The diameter of the circle AC and BD intersect at an angle of 90. The length of the arc BC is 4π cm

The diameter of the circle AC and BD intersect at an angle of 90. The length of the arc BC is 4π cm. Find: the radius of the circle; lengths of chords with endpoints at points A, B, C, D.
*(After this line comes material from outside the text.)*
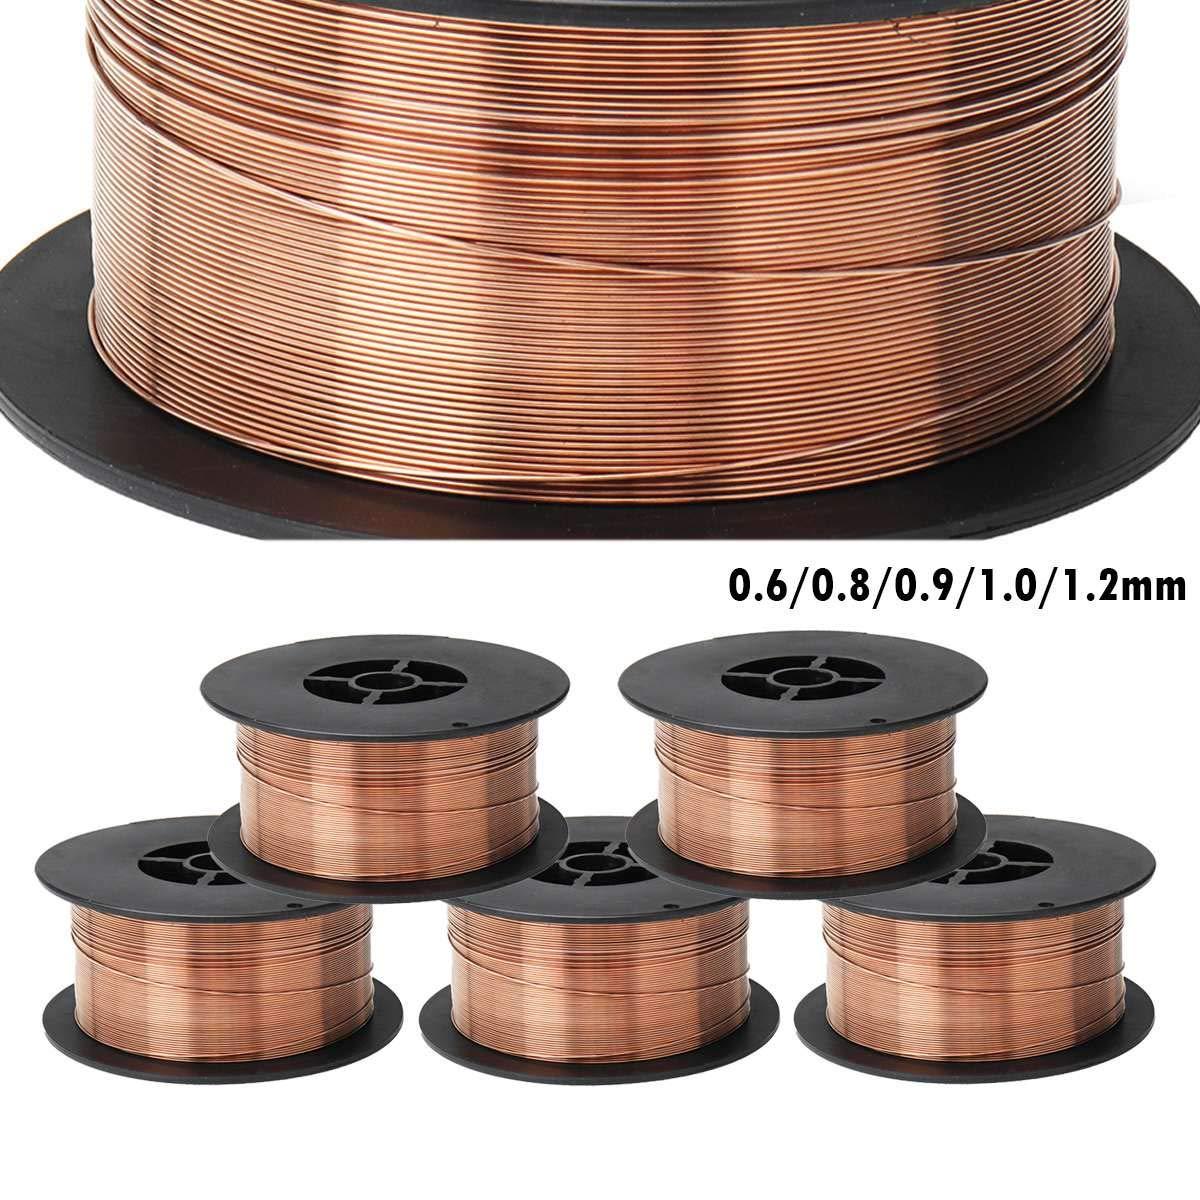 0.6/0.8/0.9/1.0/1.2mm 1KG Carbon Steel Gas Shielded Welding Wire Mild Steel ER70S-6 / ER50-6 MIG Welding Wires,0.8mm by WGang

Since the diameters of AC and BD intersect at an angle of 90, the diagonals divide the circle into four identical arcs, the lengths of which are 4 * n. Then the circumference will be equal to:

C = 4 * 4 * n = 16 * n.

Using the formula for the circumference of a circle, we determine the radius of the circle.

C = 2 * n * R = 16 * n.

R = 16 * p / 2 * p = 8 cm.

Triangles AOB = BCO = COD = AOD so kA are formed by the intersection of the diagonals AC and BD of the square ABCD.

The lengths of the chords AB = BC = CD = AD and are equal to the length of the hypotenuse of right-angled triangles.

AB ^ 2 = AO ^ 2 + BO ^ 2 = 64 + 64 = 128.

AB = BC = CD = AD = 8 * √2 cm.

Answer: The radius of the circle is 8 cm, the lengths of the chords are 8 * √2 cm.